Park Bank never reopened.
Those who lost their savings held mass meetings at Saratoga Street’s Rennert Hotel and at the Baltimore Polytechnic Institute’s auditorium. State’s Attorney (later Maryland attorney general and governor) Herbert R. O’Conor brought charges against Webster Bell, the Park Bank’s president, and Clinton O. Richardson, its board chair.
Richardson testified in the subsequent trial that he was trying to make good on his debts and was reduced to living “in a one-room flat in the Homewood Apartments [Charles Village] with no servants.” Before the trial was over, he took a pistol and ended his life at his Guilford Avenue insurance agency office. Bell was found guilty of conspiracy to defraud depositors.
The Sun ran an article headlined: “Webster Bell enters pen as convict 29292.” An audit revealed that the bank made insider loans amounting to 30 percent of its portfolio.
“Bell is the first bank president on the memory of prison officials to be lodged in the Penitentiary — though by no means the first banker,” said The Sun’s 1933 article. After serving his time, Bell died in 1945 at his home on Midhurst Road in Pinehurst.

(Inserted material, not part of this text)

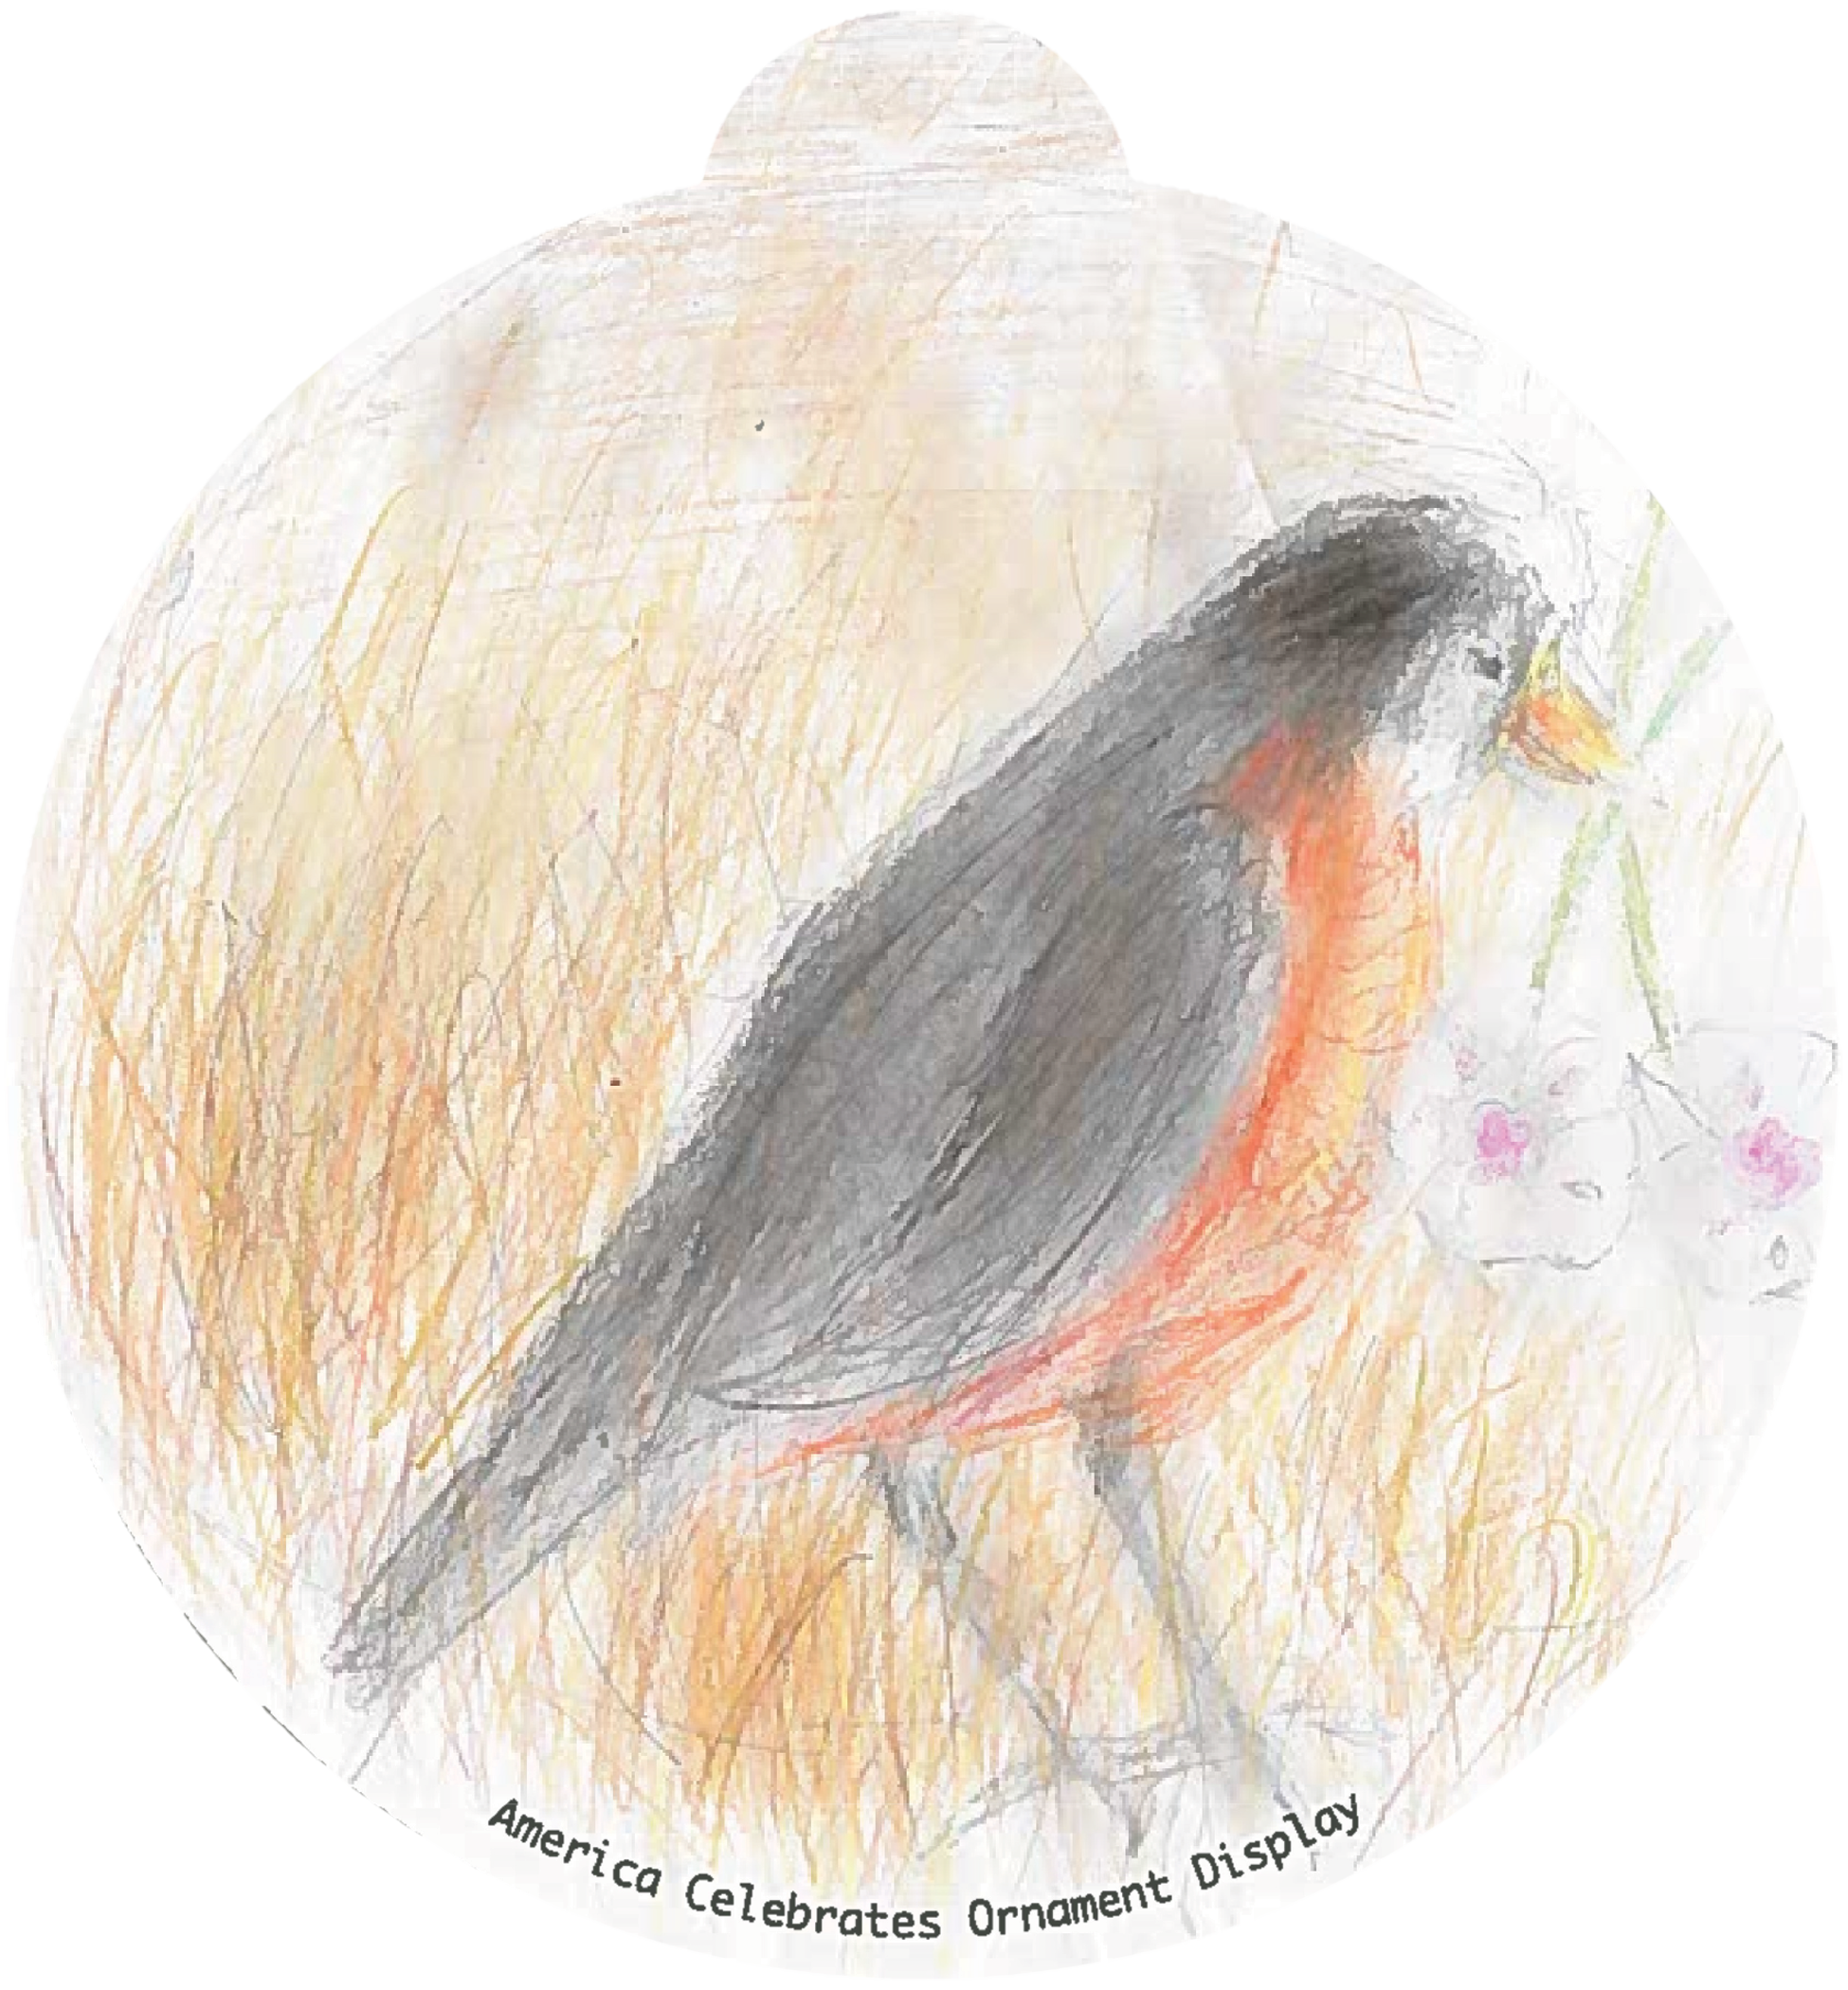 ornament depicting an orange and black bird

The Park Bank failure did not end the banking crisis. Other institutions suffered a lack of financial confidence as stock and real estate markets remained low.
By mid-February 1933, Baltimore depositors had withdrawn $13 million in cash from the city’s banks. Then on Feb. 24, 1933, some $6 million was withdrawn from city banks, a daily all-time high.
Gov. Ritchie established an emergency office at the Hotel Belvedere to monitor the crisis and made his decision to close banks.
In a 1972 News American article, Joseph Strausbaugh, who had been a teller at Commonwealth Bank at Howard and Madison streets, recalled his nonstop work that harrowing Friday. He said that he worked until midnight to balance the day’s accounting. He and a fellow bank employee then stopped for a cup of coffee and a sandwich at Penn Station.
“We saw the early editions of the morning papers there proclaiming Governor Ritchie’s bank moratorium and breathed a sigh of relief,” he said in the 1972 article. “The Commonwealth might have otherwise opened the next morning, but there wouldn’t have been any money left.”